DavidHumePussyMaster: Well, Copernicus, I have always been interested in Uranus. Do you think you could meet me in private chat and we could discuss your theories?

StephenHawkingsGiantBoner: Listen, Einstein, we know that the results were conclusive and reproduceable! Can't you admit your mistakes and just masturbate with the rest of us?

ImmanuelKunt: I find your ramblings in physics to be nothing more than a mathematical form of metaphysics and I reject everything that you have said! The MIND plays an active part in all orgasms and you cannot disallow the influence of such! Your sterile and clinical observations of fucking leave the MIND out of the equation and render the fucking useless.

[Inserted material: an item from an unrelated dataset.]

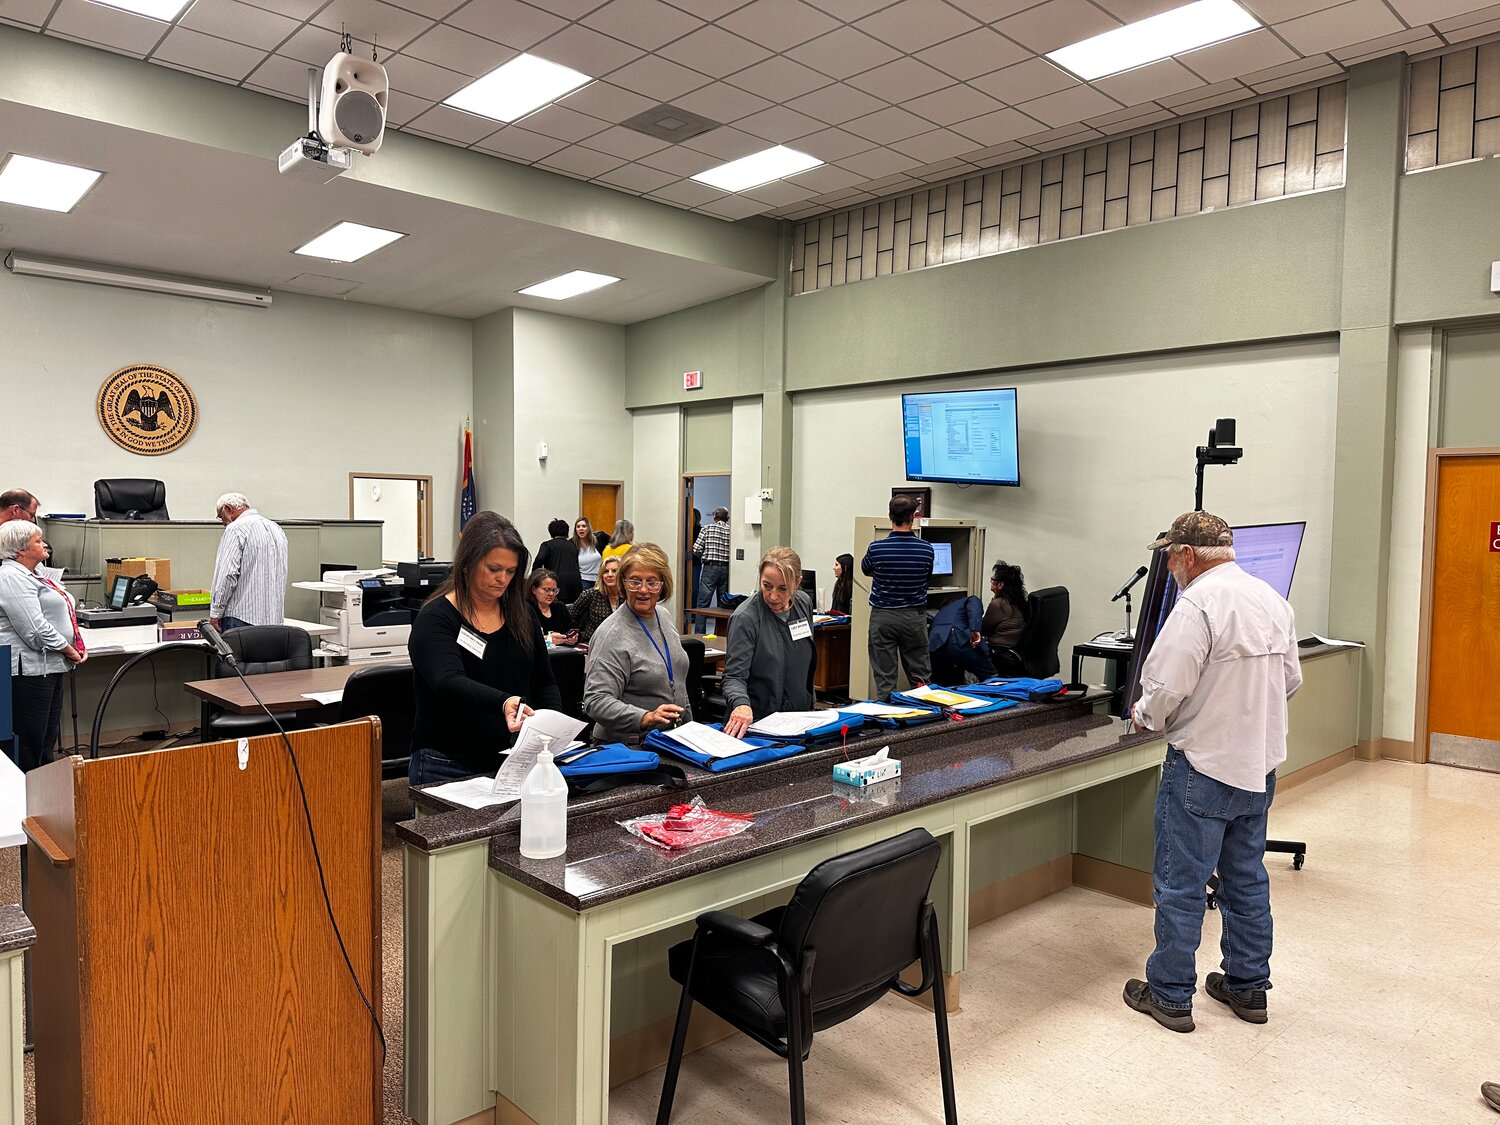 The Tishomingo County Courthouse was Very Active the Night of November 7th. Pictured Here, Josh McNatt and His Team as well as the Election Commission and Volunteers were Hard at Work Reporting the Results

E+LotsOfFucking=MC2: Your theories would imply that we could fuck the pussy at a rate greater than the speed of light. This is nonsense!!! The density of your penis would become so great that it would fall through the floor and maintaining a hard-on would be about as likely as your hopping out of your chair and actually fucking a woman! You and your senseless theories! Your theories are nothing but flights of fancy!

AynRandy has entered the chat

CopernicusHeadJob: Okay, Hume... but you better not mess around and come too quick or I will cut your balls off and shoot them into space like the world's smallest communications satellites, you impotent prick! Bring that cock over here!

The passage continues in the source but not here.